> Provided records:

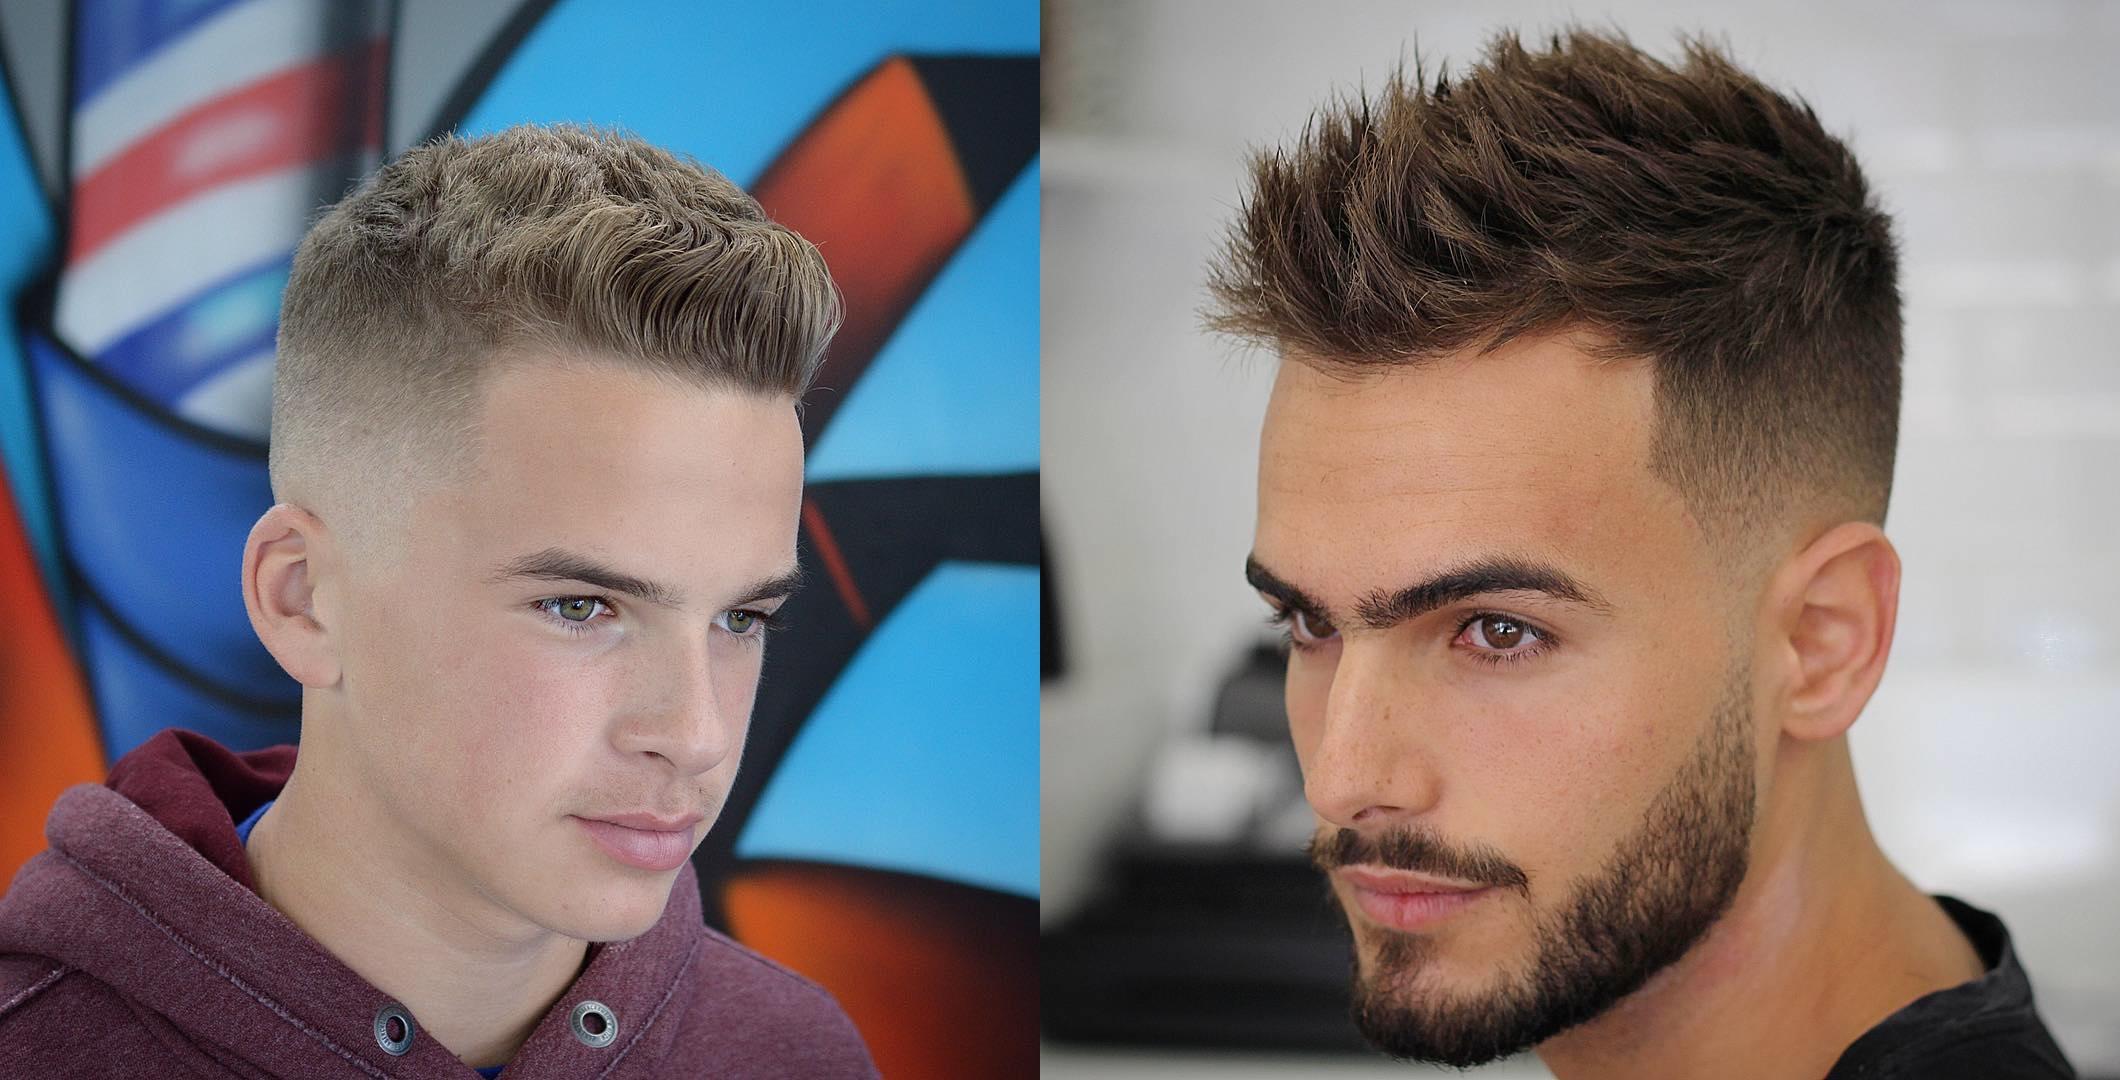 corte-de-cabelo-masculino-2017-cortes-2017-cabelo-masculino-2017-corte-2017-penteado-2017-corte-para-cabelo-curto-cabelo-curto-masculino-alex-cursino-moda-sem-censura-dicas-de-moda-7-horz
==
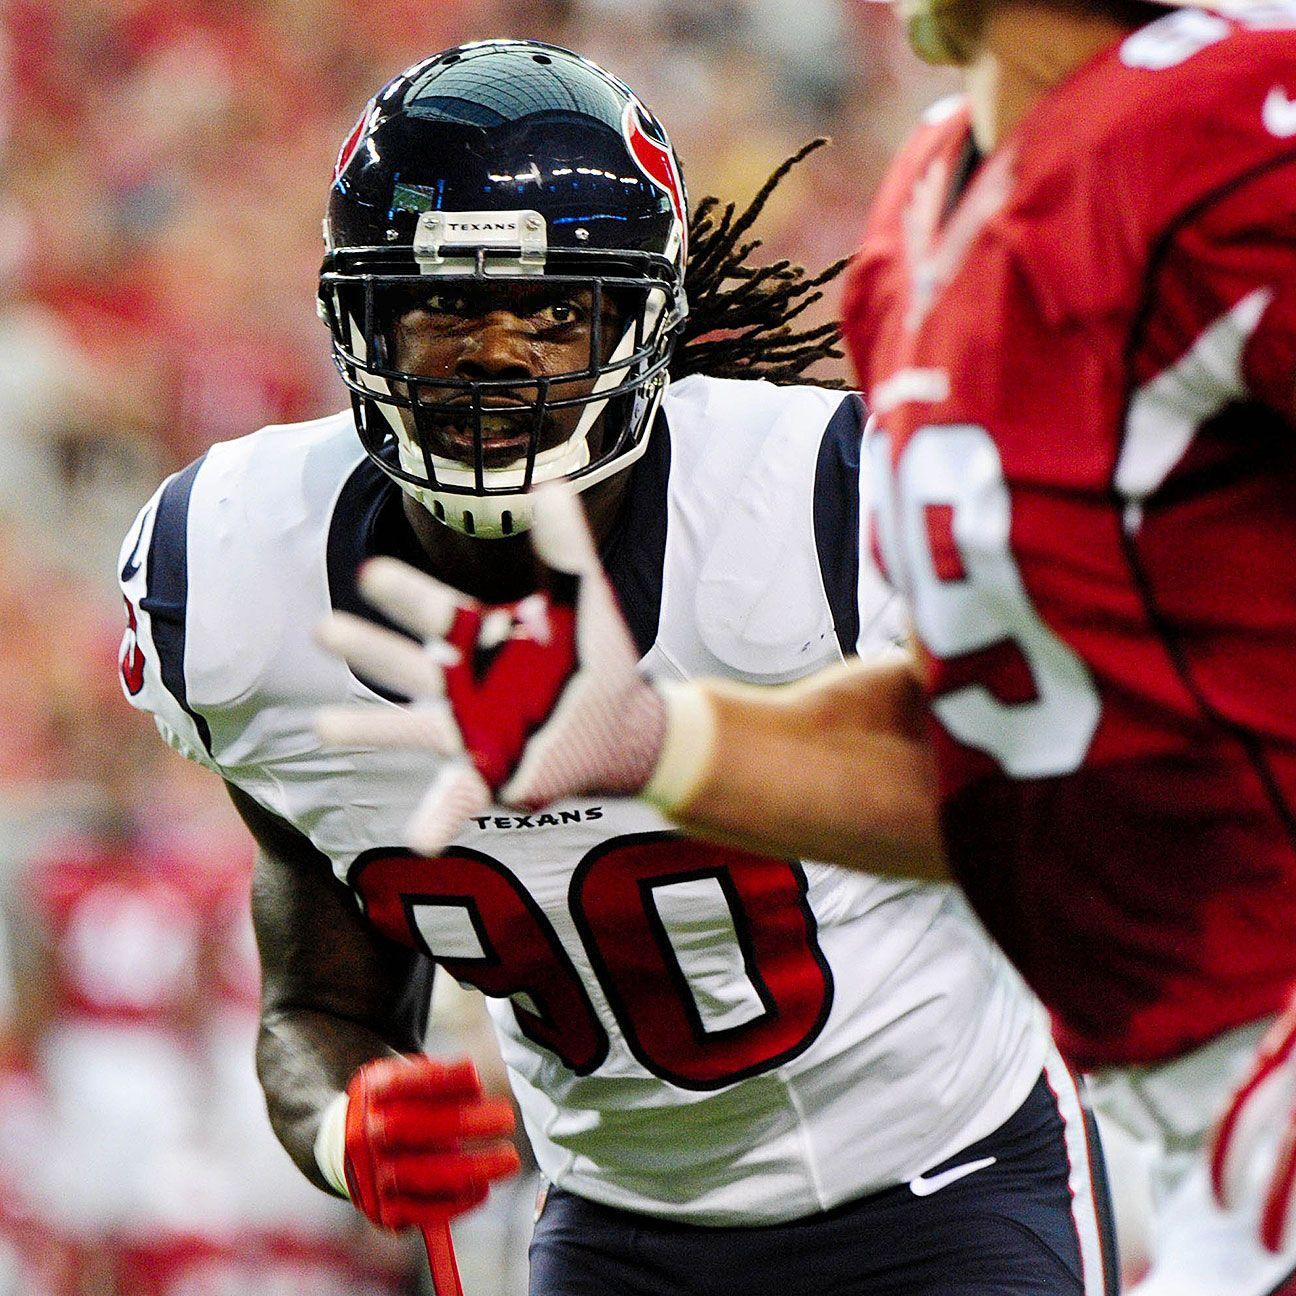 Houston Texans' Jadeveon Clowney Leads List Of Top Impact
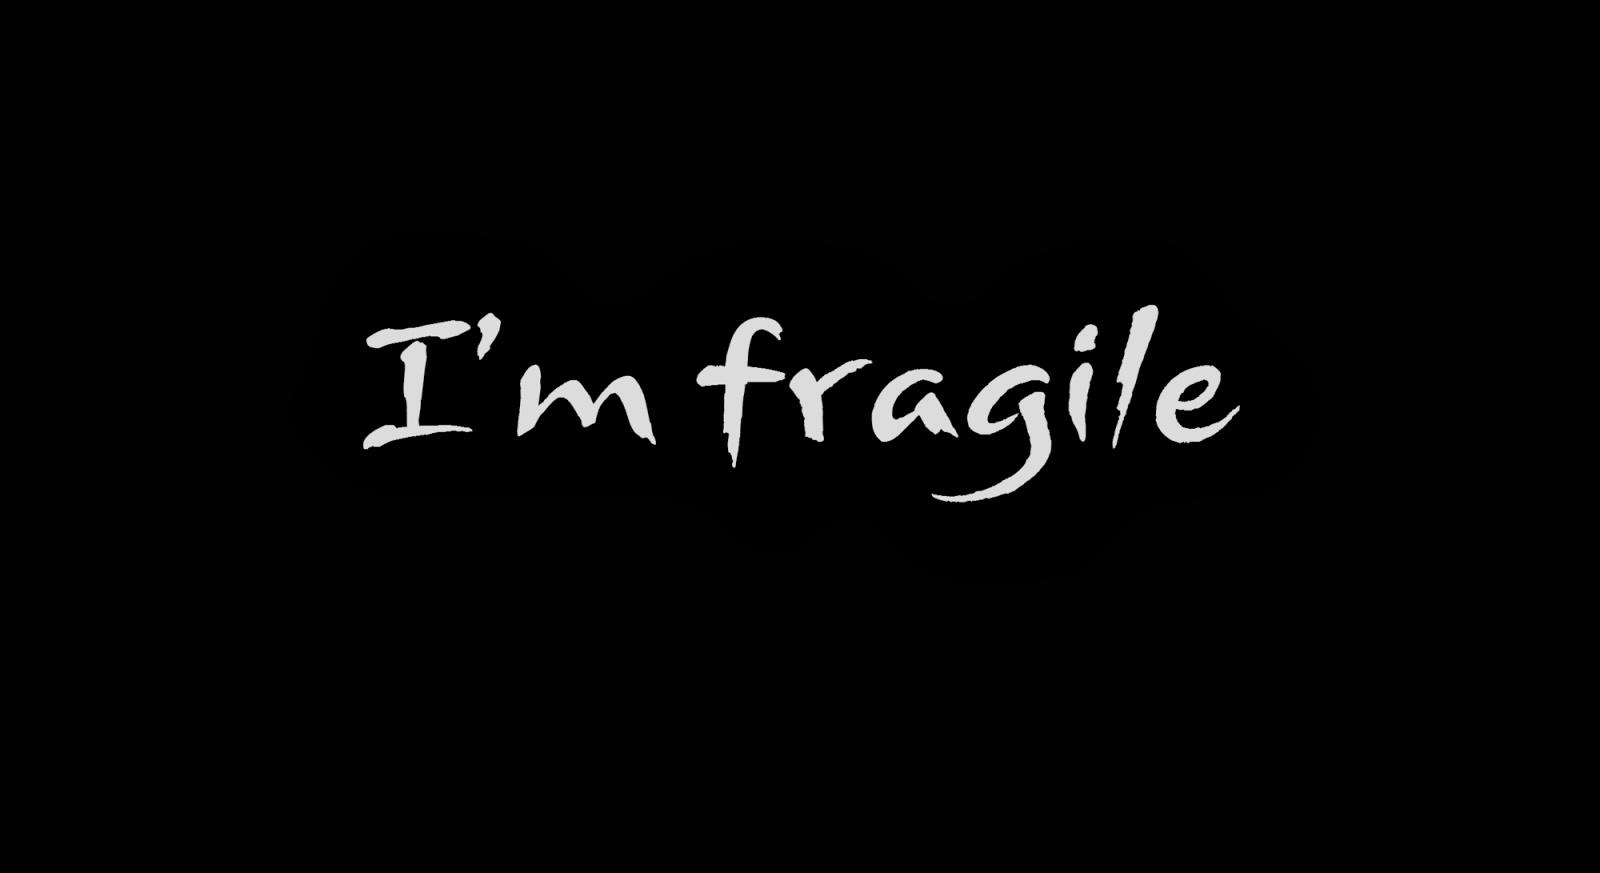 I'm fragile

> Try it:
Begin at the line in the entries above that has "Houston Texans' Jadeveon", stop after the line that has "I'm fragile", and output exactly those lines without pictures.

> Output for this exercise:
 Houston Texans' Jadeveon Clowney Leads List Of Top Impact
 I'm fragile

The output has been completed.